Как музыка вальса на ветер похожа, У ветра — порывы, у музыки — тоже… —вспомнил Гавриил Абрамович и рассеянно улыбнулся: опять извлек из своей «копилки» афоризм.
Ему все больше нравилась музыка, у баяниста было то, что называют «играет с душой». Гавриил Абрамович отыскал взглядом баяниста. Привычная поза сельского гармониста — чуть склоненная к инструменту голова с шапкой густых темно-русых волос, в позе этакая небрежность человека, знавшего, что он многим нужен и если его здесь не будет, веселье замрет, лица станут постными. Но глаза! Парень молодой, а глаза грустные-грустные. Словно потерял человек что-то давным-давно, не может вернуть утраченное и владеет им неизбывная тоска. Нет, такие глаза невозможно забыть.
Когда стихли последние аккорды и люди направились в зал, к баянисту подошел паренек и бережно принял от него инструмент. Только в этот момент Гавриил Абрамович заметил рядом костыли. Гармонист с привычным жестом придвинул их одной рукой, разбросал по обе стороны и, не спеша, не оглядываясь, тяжело зашагал к выходу. Щупленький, худощавый, с подогнутой ногой, он как-то сразу стушевался, словно хотел быстрее скрыться от людских глаз.
Гавриил Абрамович, выбросив билет в урну, поспешил вслед за баянистом.
— Хорошо играете. Давно научились?
Баянист остановился, посмотрел на непрошеного спутника все тем же грустным взглядом. И встретил открытый, теплый взгляд смуглого человека. Черные, аккуратно подстриженные усы подчеркивали его кавказское происхождение. Глаза темные, внимательные.

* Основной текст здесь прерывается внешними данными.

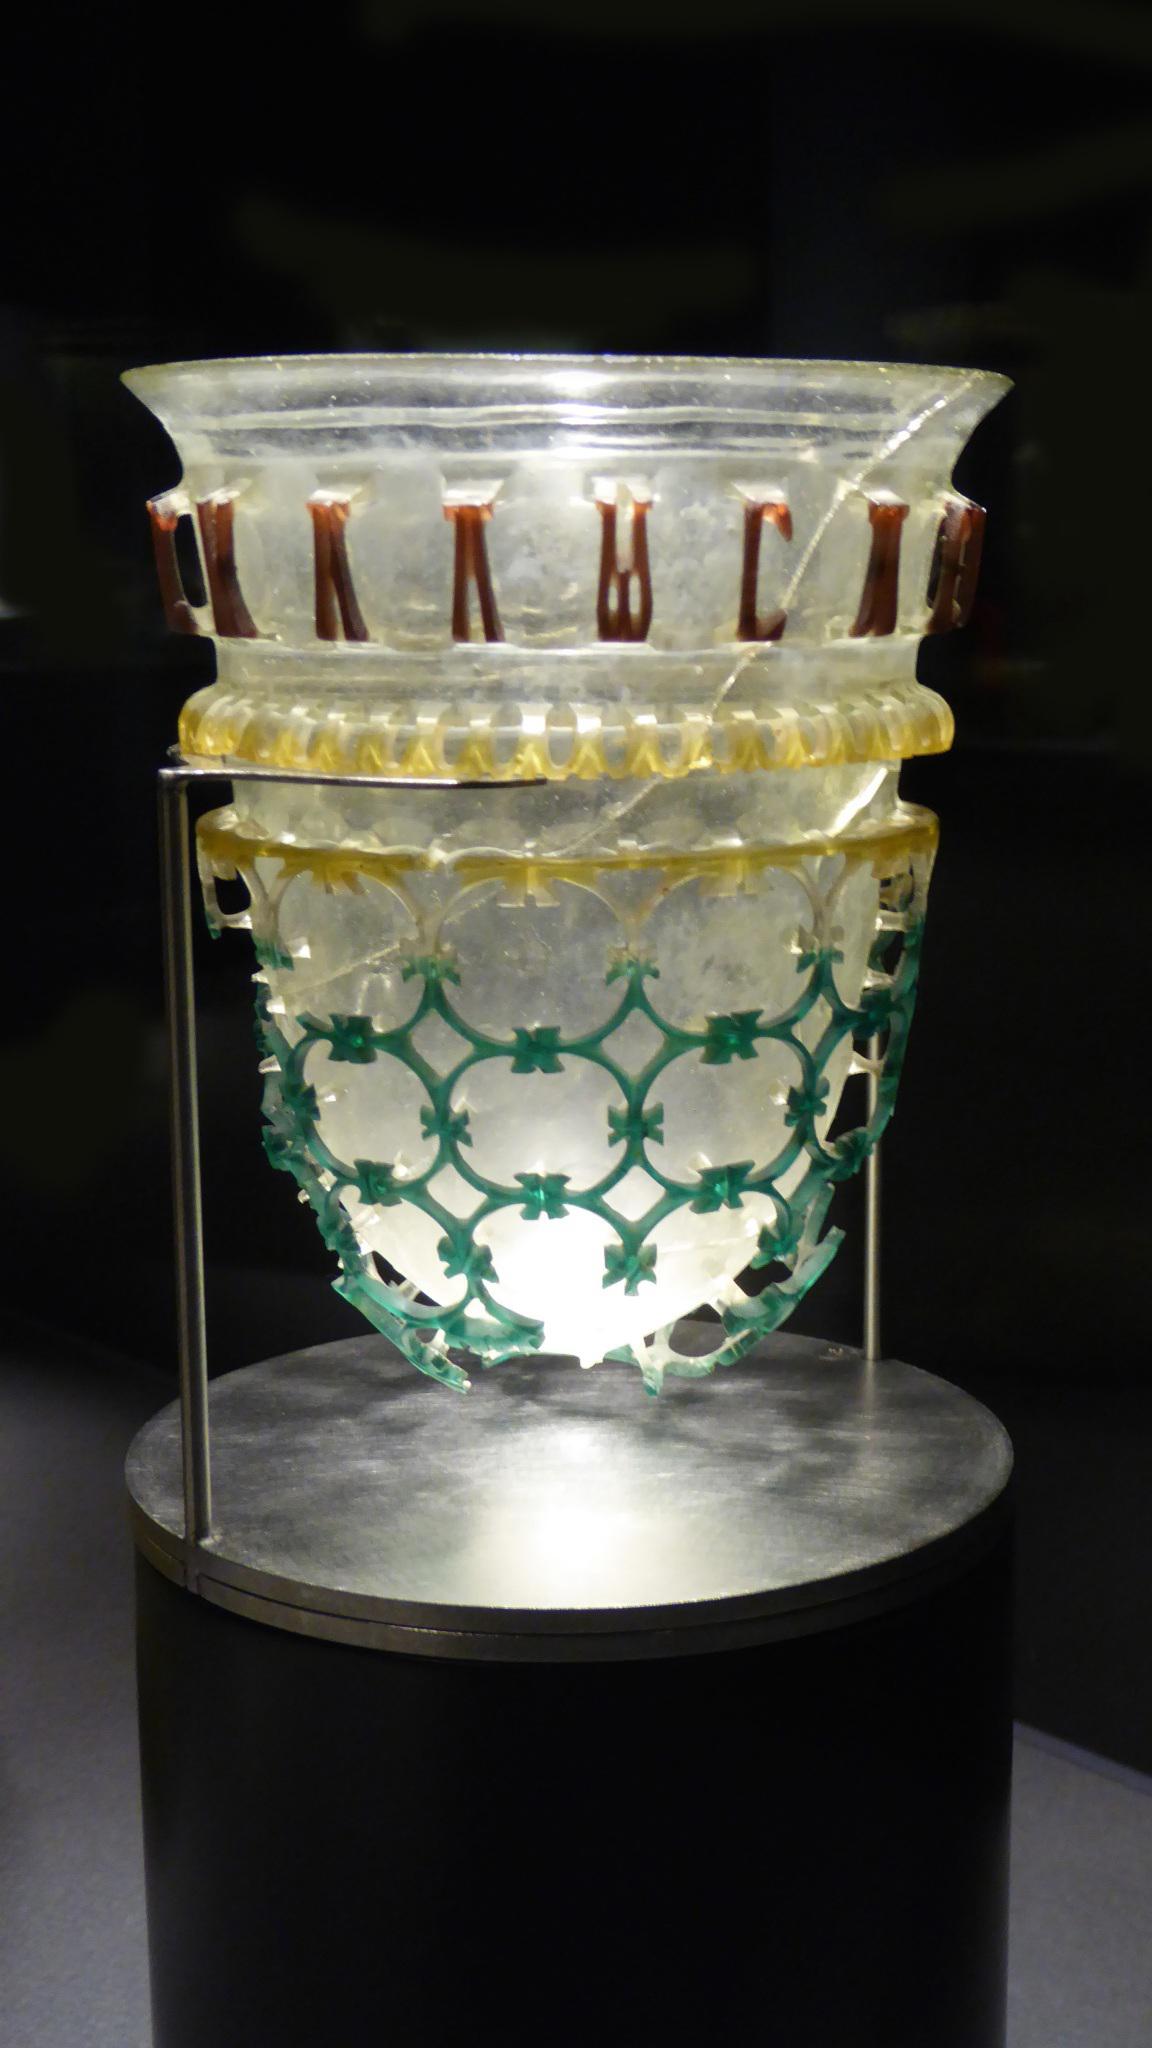 A Roman glass cage cup, found in Cologne, Germany. 4th century CE, now on display at the Roman-Germanic Museum in Cologne.jpg
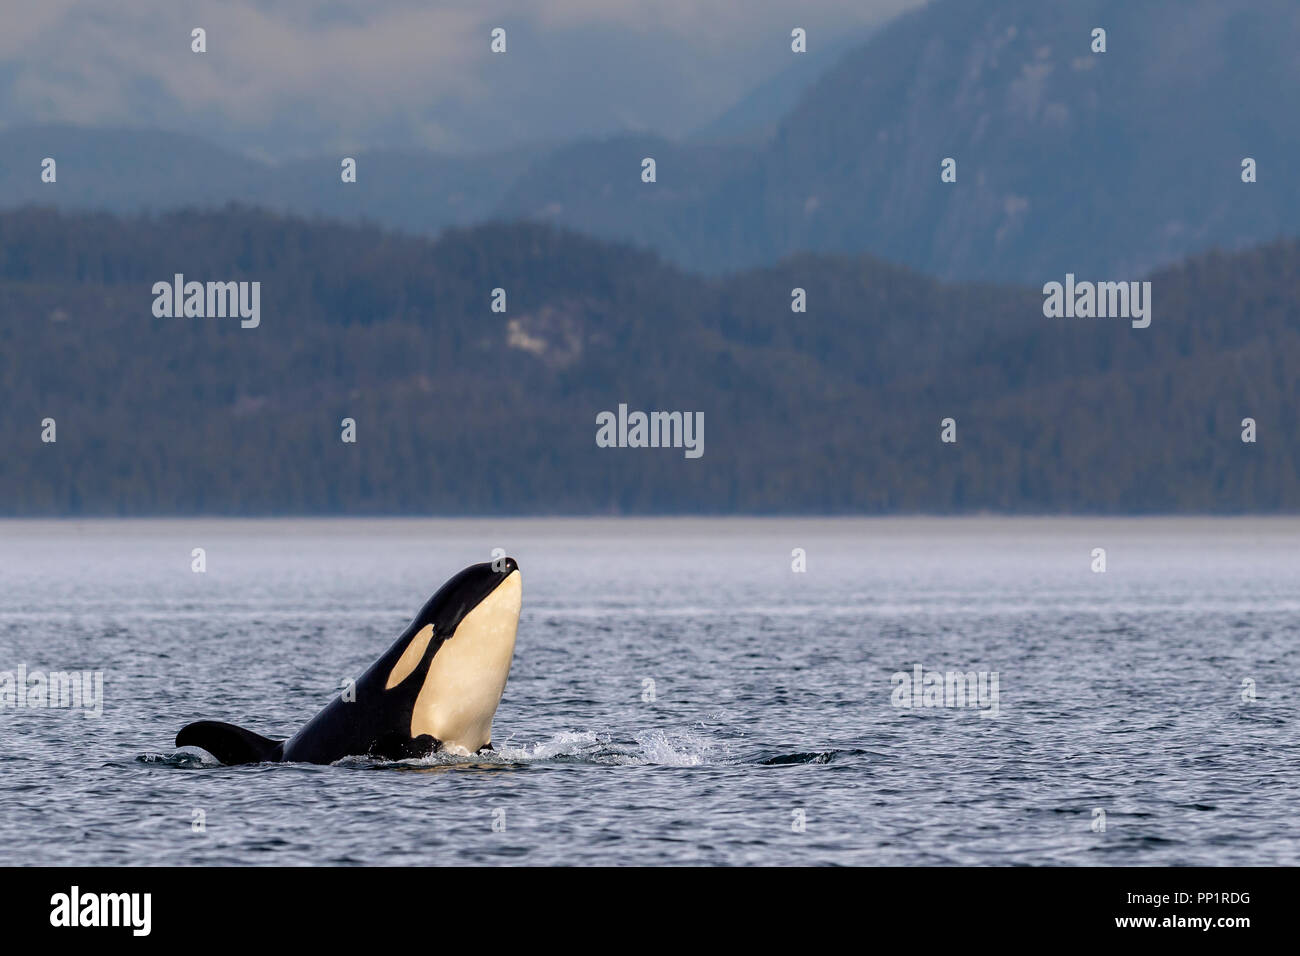 Northern resident orca whale (killer whales, Orcinus orca) spy-hopping in Queen Charlotte Strait close to the Great Bear Rainforest, British Columbia  Stock Photo

Они закурили, неторопливо зашагали по деревянному тротуару.
— А с ногой что? — будто невзначай полюбопытствовал Гавриил Абрамович.
— Старая история, — вздохнул баянист, — туберкулез суставов.
— Старая, говоришь? — переспросил Илизаров. — И нигде не лечился?
— С четырех лет маюсь, — угрюмо обронил парень, — пятнадцать лет не расстаюсь с этими игрушками. — Костыли сердито застучали по тротуару.
Хирург познакомился с историей болезни молодого человека. Случай трудный — туберкулезное поражение коленного сустава. Но, странное дело, Илизаров перестал понимать самого себя. Обычно врачи умеют отвлекаться от судьбы человека, исследуют болезни, ее истоки, течение как бы «в чистом виде». А Илизарова словно преследовали грустные глаза баяниста, утомленные за годы болезни, и скрюченная, подтянутая к бедру нога, на которую тот не мог наступить. Но что мог он, хирург, стаж которого пока небольшой, противопоставить тяжелой болезни?
Гавриил Абрамович не встречал больных, оперированных по поводу такого заболевания. Даже в областном центре редко кто делал подобные операции, а в сельской местности — и того реже. Гавриил Абрамович как-то поделился своими раздумьями с коллегой.
Вечером они сидели в кабинете главного врача и вели беседу — неторопливо, раздумчиво. За открытыми окнами слышались разговоры выздоравливающих, разгуливающих по лесным тропинкам. Хирурги беседовали вполголоса, словно боялись нарушить покой больных. Они решали очень важное и говорили, не стыдясь сомнений.